The bank says its vision is to improve its customers’ quality of life through affordable, convenient and responsible credit. It also says customers will always receive the necessary information to understand what they are committing to.

“The unfortunate thing [about ABIL] is that it threw people into a perpetual debt trap… it was an accident waiting to happen,” says Magomola.

In 2013, branches in KwaZulu-Natal were fined $1.8 million for breaching the National Credit Act. ABIL wrote-off loans, removed blacklistings and rescinded court judgements against borrowers.

Although insecure lending leads to an increase in retail sales, it also leads to an increase in household debt. It’s a bad way to finance the economy. Increased limitations on lending will result in a decline in retail sales and manufacturing. South Africa’s inflation was sitting at 6.3% in August.

Magomola believes the bank needs to revert to being a deposit-taking institution that encourages saving and use those savings to make loans where they are merited.

One long standing and loyal customer is Malesela Maraba, a resident of Seshego, a town in the province of Limpopo. Maraba was a member of the Azanian People’s Organisation (Azapo), one of the radical political parties during apartheid. He and his wife were asleep in their four-bedroom house when it was petrol bombed by the police in the early hours of 27 March, 1986.

“It was around 4AM and I was with my wife. When we came out, the police wanted to throw me into the burning house. The idea was to get me killed,” says Maraba.

It is a heavy price to pay for protesting for freedom. However, he survived to see another day.

The fire gutted the house. Maraba took the case to court but without success. He was never paid a cent for the damages. A few years later, he decided to rebuild the house at the very same location.

Maraba says he approached other banks which wouldn’t give him a

good deal.

“Then I heard about African Bank. A friend of mine told me about his friend, Jack Monyepao, who worked there. He told me I must discuss with Jack and he won’t give me a problem,” says Maraba.

At African Bank, Maraba delivered the building plans. The bank also requested that he get quotes for all the materials needed for the house. Everything added up to about $4,200 and the loan was approved in just three weeks. The house got rebuilt with 11 rooms. Much bigger than the home that was petrol bombed.

Maraba says the bank gave customers cash in the past and people paid back their loans. He says he took seven years to pay back the loan and he took other loans after that.

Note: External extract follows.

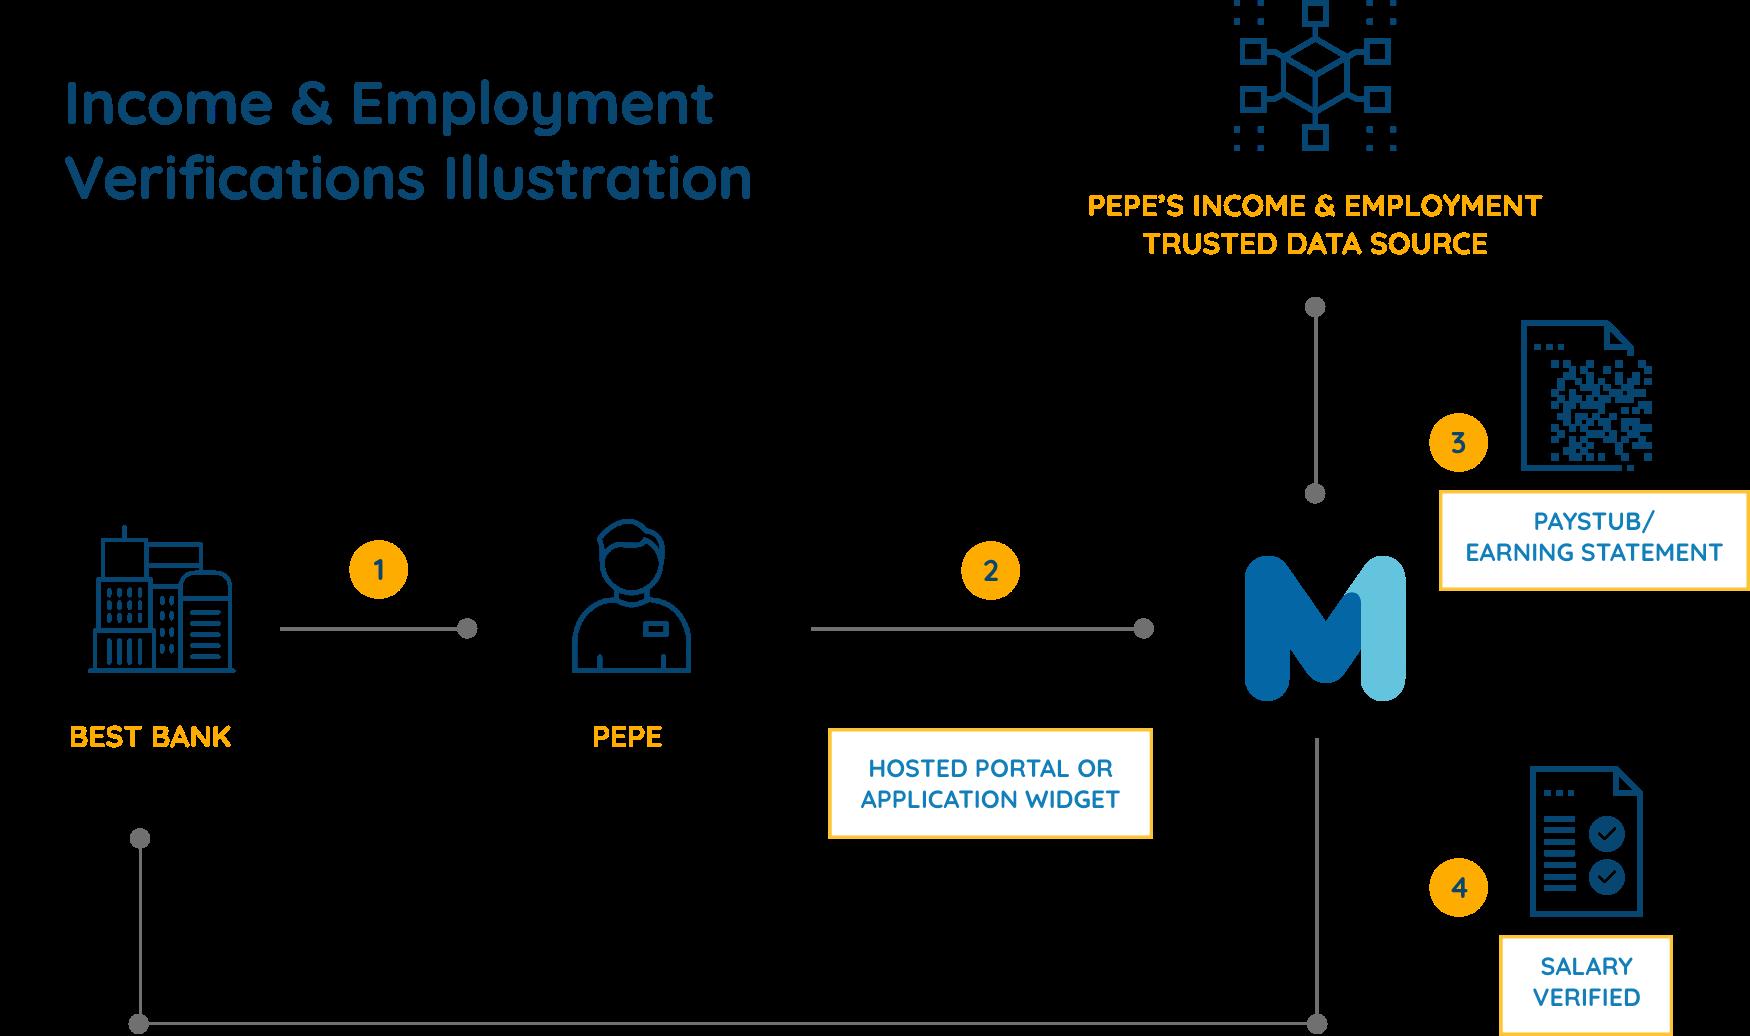 Product income verification flow chart

“That’s the African Bank I knew. We paid back the money on a monthly basis. Now I don’t know how this problem came about,” says the 58-year-old Maraba.

“Banking is about assessing risks and managing those risks,” says Magomola.

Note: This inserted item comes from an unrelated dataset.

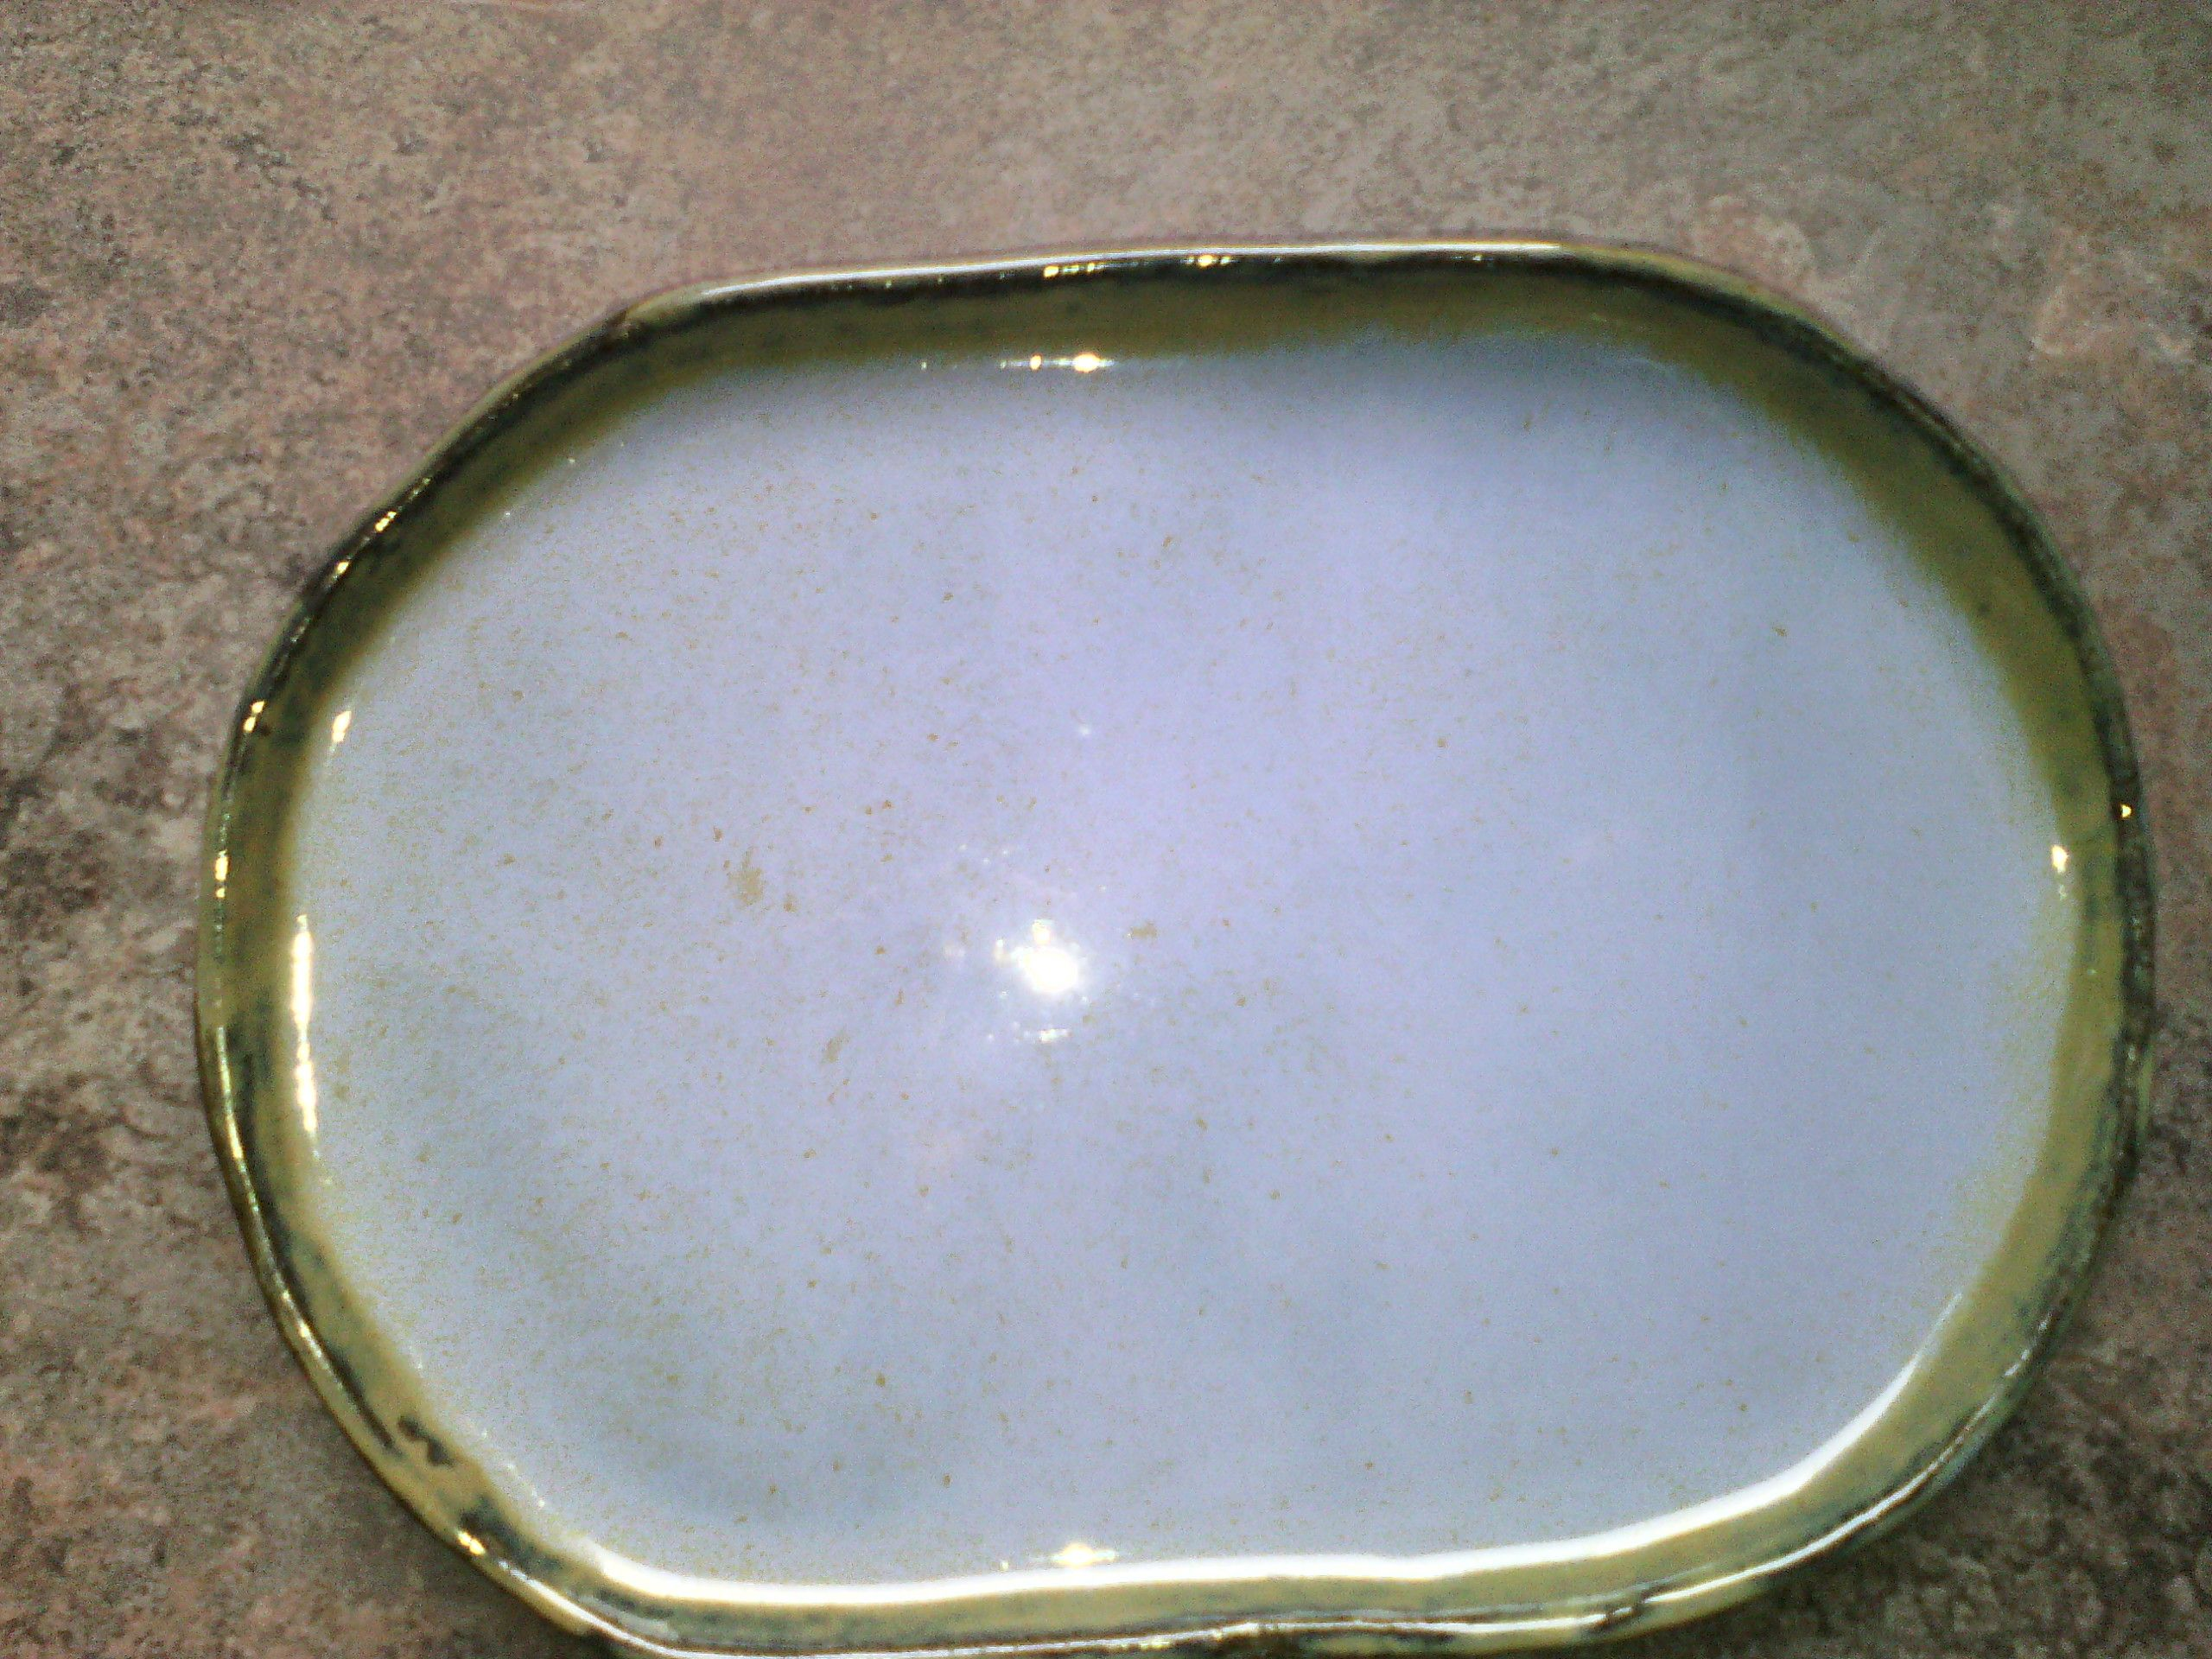 blue/green glaze on white clay

Some of the outcry from the public comes from customers becoming over-indebted, with multiple loans in play at ABIL. Greater limitations should have been placed on the level of debt these clients were allowed, but one has to question the reasoning behind racking up numerous loans before paying any off. Are South Africans living beyond their means?

Magomola calls for an investigation into why the regulators allowed the bank to provide unsecured loans.

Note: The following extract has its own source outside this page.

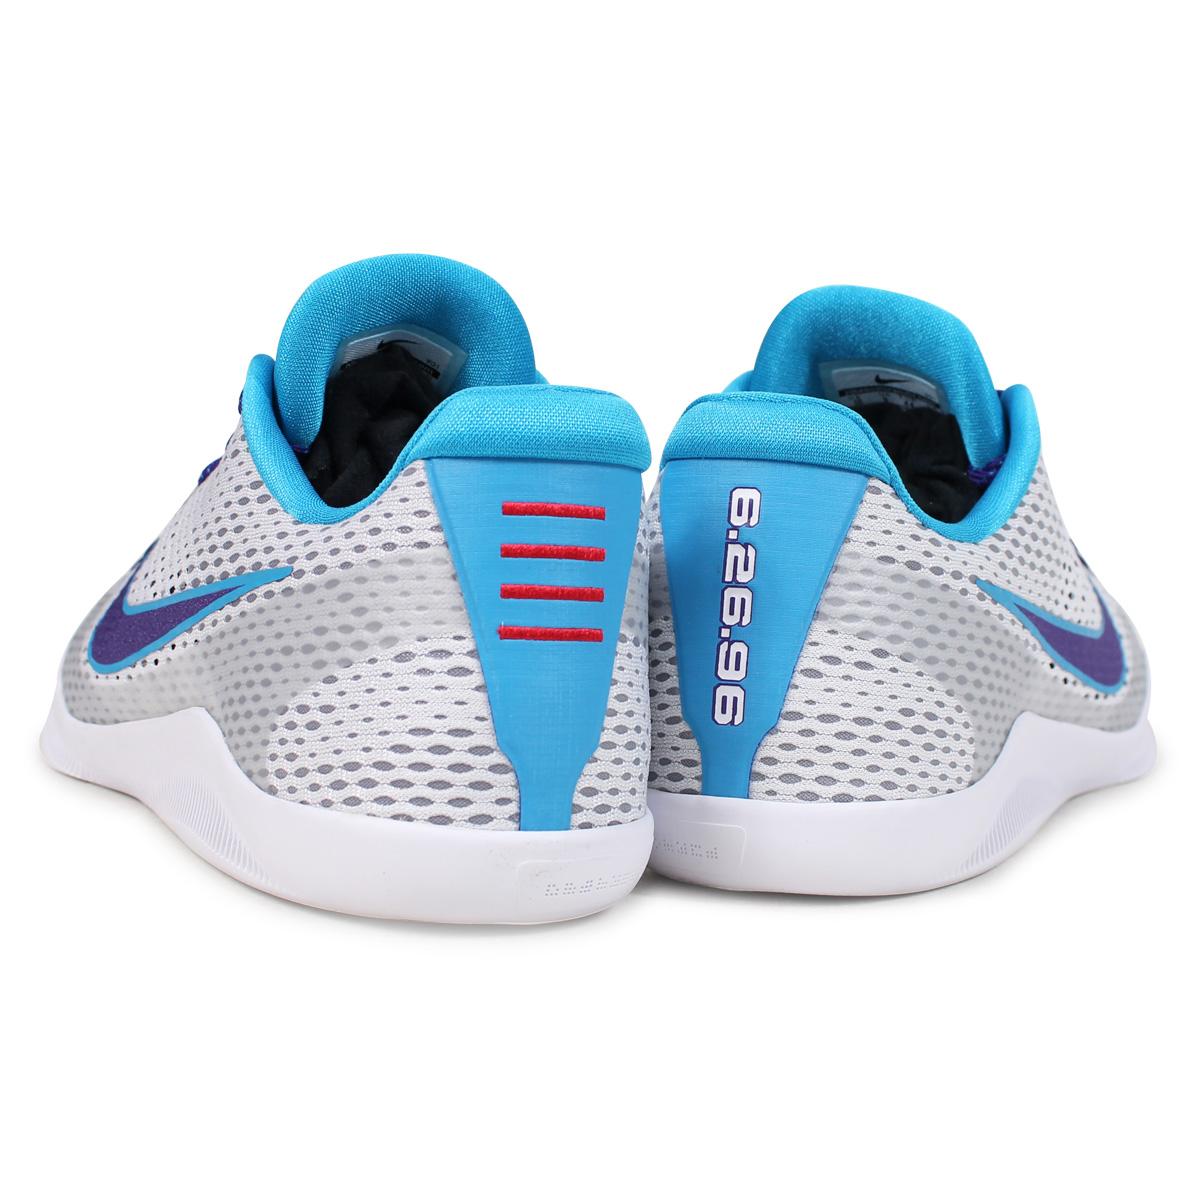 buy popular dc505 f8fc1 NIKE KOBE 11 HORNETS DRAFT DAY Nike Corby 11 sneakers men 836,183-154 white  185

But what should happen to ABIL? Does it deserve to be saved yet again?

“There is a need in South Africa today for a banking institution held predominantly, and owned predominantly, by black South Africans. I’m not saying that African Bank is necessarily that entity, but there is a huge gap and you cannot have a free nation that governs an economy as sophisticated and as large as South Africa that does not have a bank owned by its own people, the indigenous people,” says Magomola.

It remains to be seen if the people will continue to rally behind this bank.